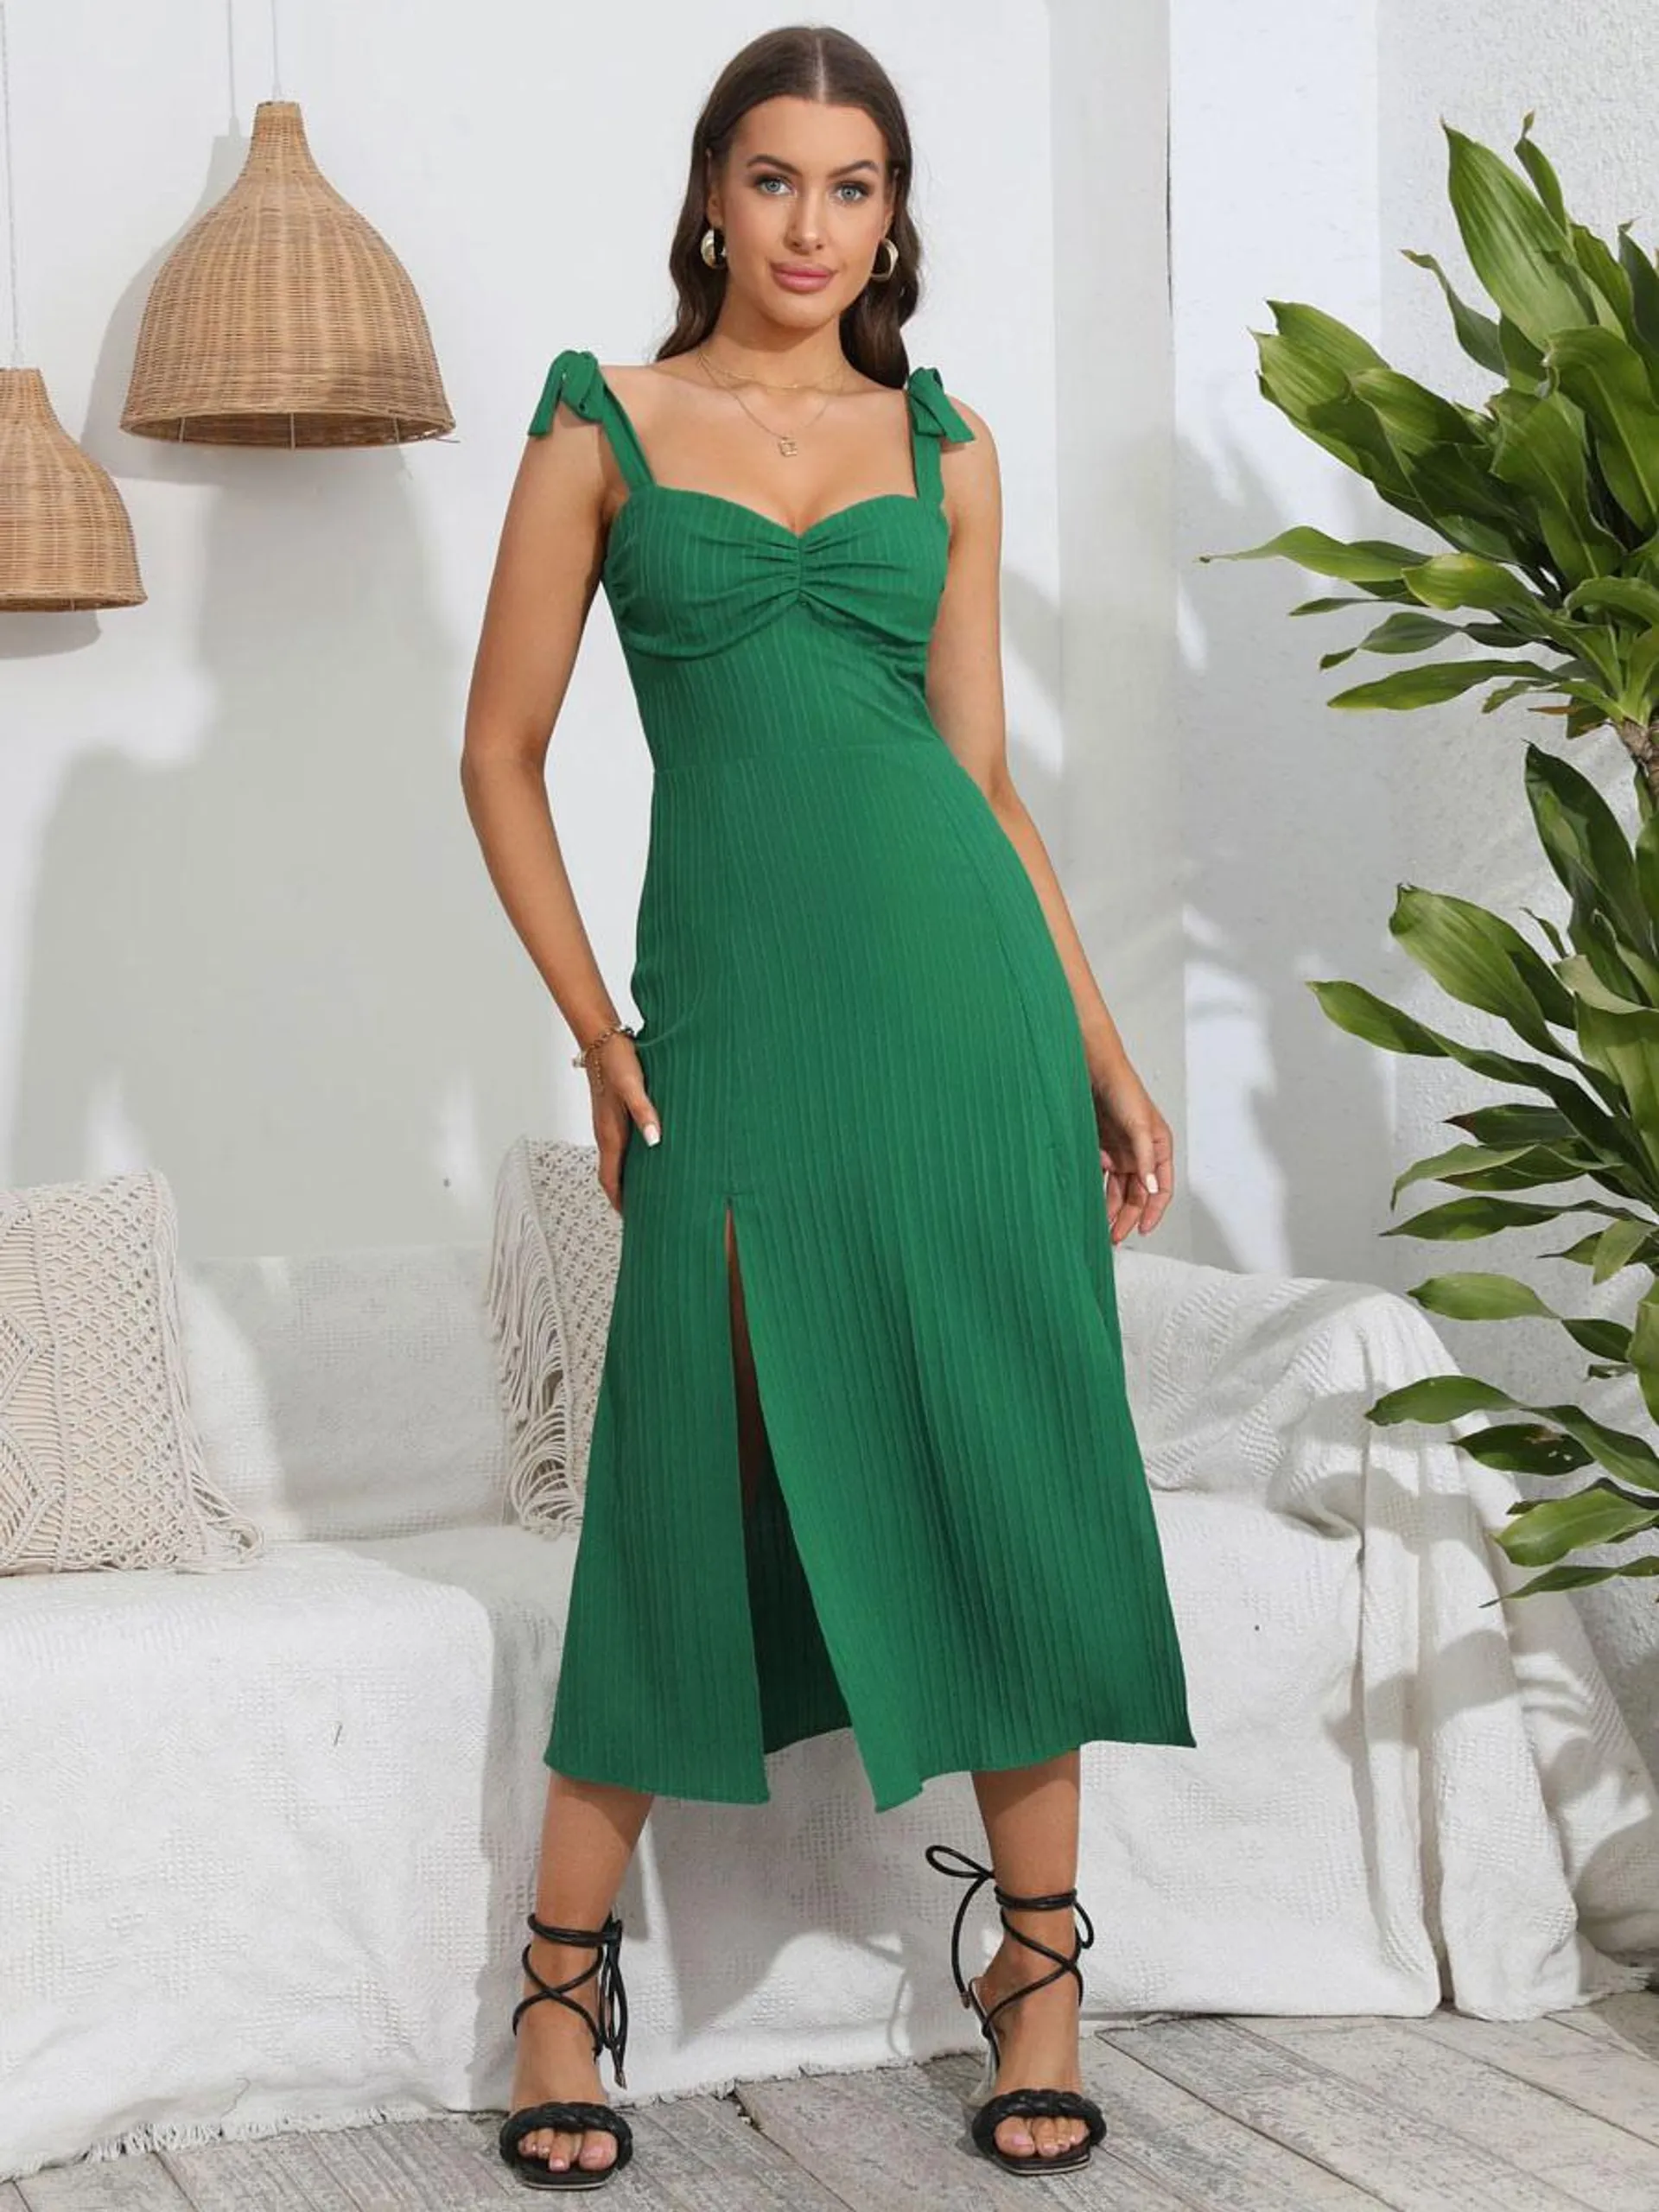 Summer Dress Sweetheart Neck Lace Up Backless Green Medium Beach Dress
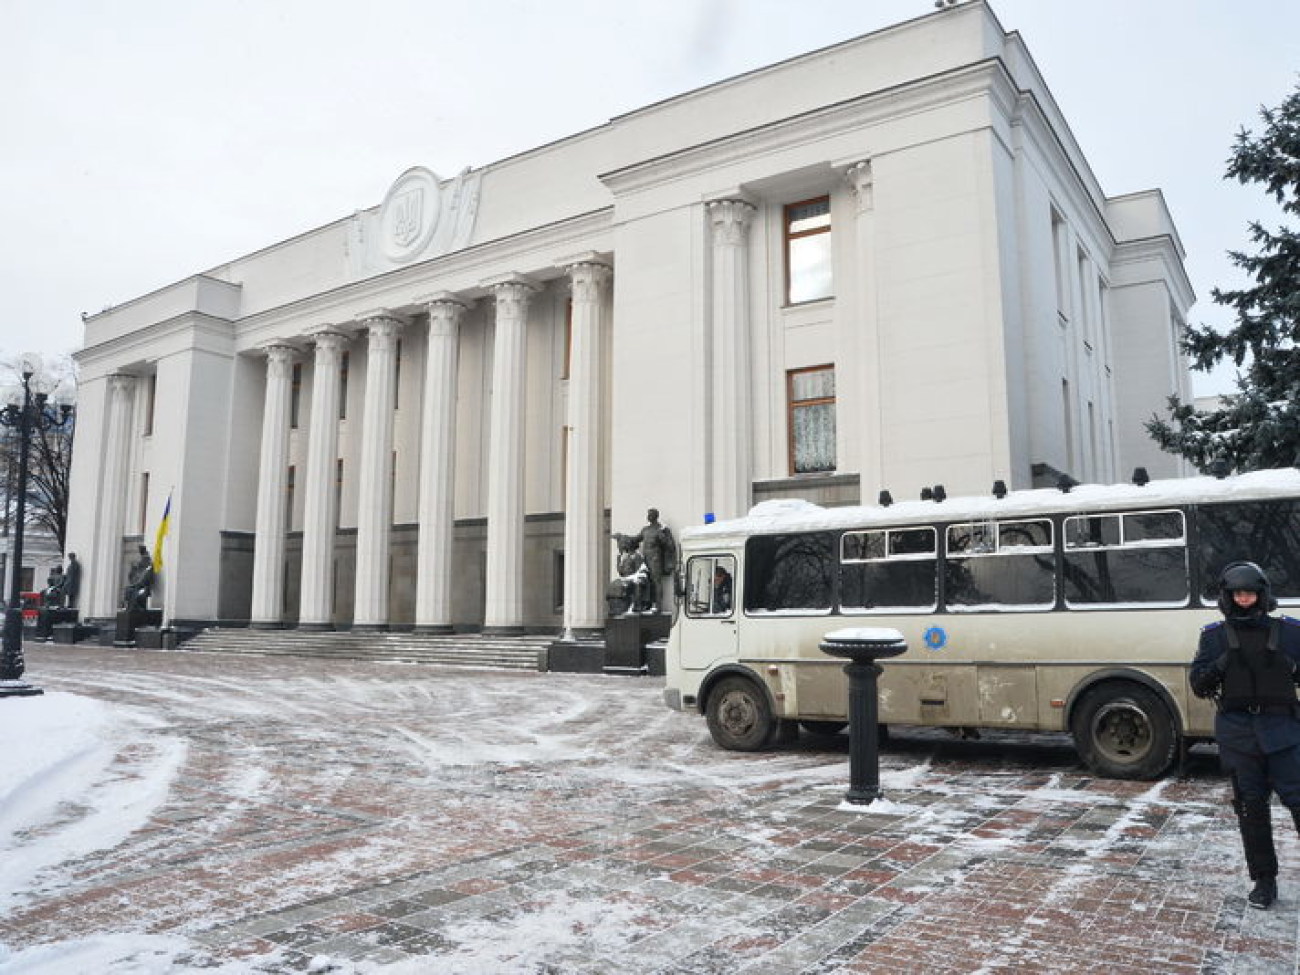 Арбузов принимал Кабмин под БТРы и водометы, 29 января 2014г.
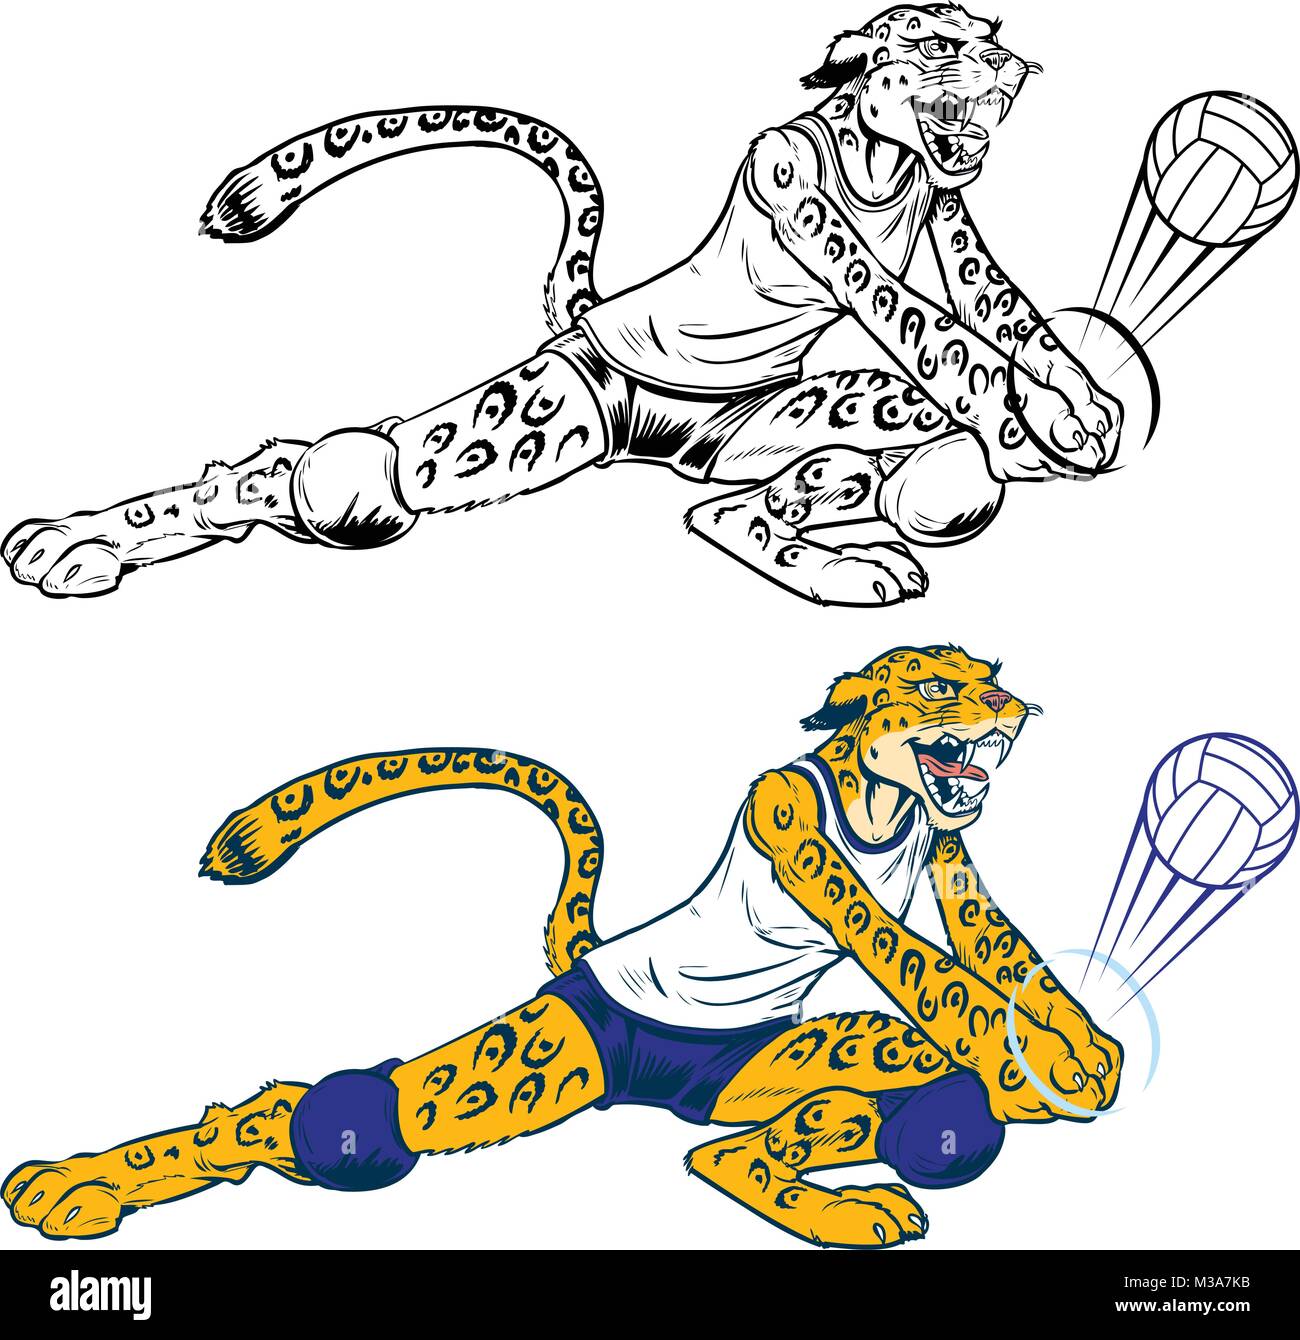 Vektor cartoon Clipart Illustration einer Dame Wildcat, Leopard oder Jaguar Volleyballspieler Maskottchen ein Graben. Charakter, Kugel, und einheitlich sind auf Stock Vektor

========================================================================

# [Exercise details]
Copy out all the data above exactly, pictures excluded.

# [Answer to the problem]
 Summer Dress Sweetheart Neck Lace Up Backless Green Medium Beach Dress
 Арбузов принимал Кабмин под БТРы и водометы, 29 января 2014г.
 Vektor cartoon Clipart Illustration einer Dame Wildcat, Leopard oder Jaguar Volleyballspieler Maskottchen ein Graben. Charakter, Kugel, und einheitlich sind auf Stock Vektor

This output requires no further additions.